March 10, 2010
The morning iFog
A bit foggy across from the Olympic mountains, indeed.
We all know the dance: See email inbox fill up. Answer many emails. Momentarily enjoy much emptier inbox. Go to bed. Awake to completely re-filled inbox of responses to your responses. Repeat. Yessiree, for those of us who do much of our biz digitally, this is the two-step that keeps us and our typing fingers in tip-top shape. Email is great, but, it’s a bottomless pit of back and forth from which few escape. Yet I have recently discovered a guilty pleasure (or, a key to my sanity) that helps me cope: my iPhone, bedside.

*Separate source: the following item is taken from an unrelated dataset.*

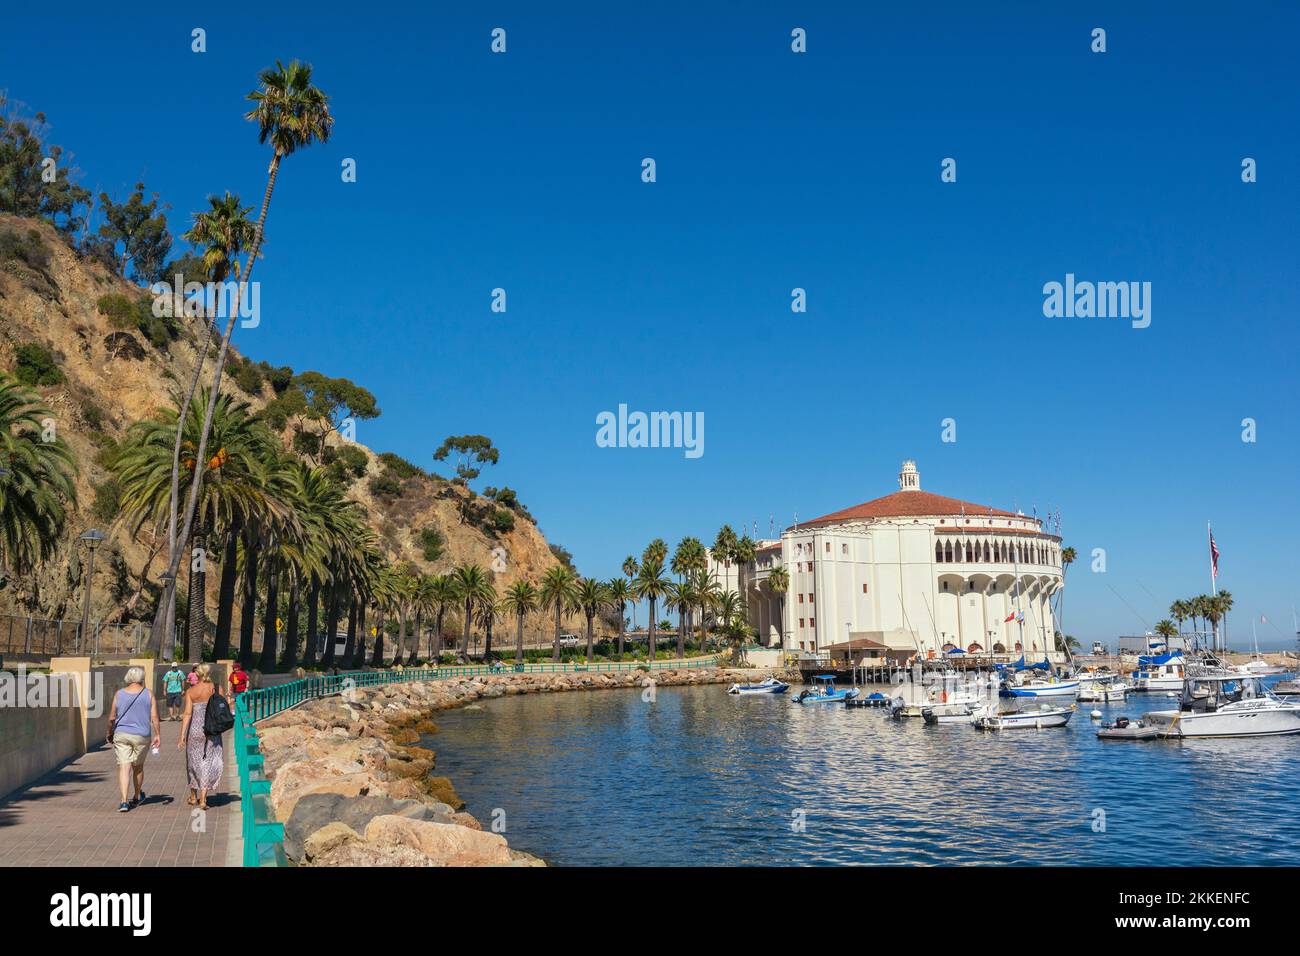 California, Catalina Island, Via Casino, Avalon Harbor, Casino Stock Photo

No, I am not using the “vibrate” setting for personal use. Nope. But in the morning, when my eyes peel themselves one-third open and my foggy mind begins to churn with the never-ending to-do list of life, I blindly paw for my phone, tap a few times, retrieve my mail while safely ensconced under my warm comforter, and can instantly see the lay of the land for the coming hours. Who has emailed? What do they need? What fire needs to be put out? What is just fine and can wait? Well, it usually turns out, much of it. And being able to glance at what awaits my work day long before I intend to start it, allows me to happily place the iPhone back on the nightstand, turn over, and catch some more zzzz’s. This is one of the best uses for a digital tool I can dream of. The gift of more sleep!
Glenn Buttkus said,
March 11, 2010 @ 6:37 am
Excellent use of technology it would seem. Some of us “older” kelphistos do not own an iPhone, but can dig watching others who do. My three daughters use their phone for everything, the real mini-computer and camera modus. Was the pic you posted along snapped with the iPhone? Thus the reference to iFog. Nice to revist BIOPLASM @ 2:34 this foggy and damp morning here in the South Sound, on the lower counties, the America on your southern exposure, your island horizon. About the third time I listed to Bioplasm the fog seemed to roll in and thicken here at American Lake, and at one point I think I saw some masts and sails of a phantom ship, and just for a moment I caught a glimpse of Keith Richards dressed up like a pirate waving madly as it cruised by. Then a squadren of choppers out of Ft. Lewis churned by at 500 feet and reality returned.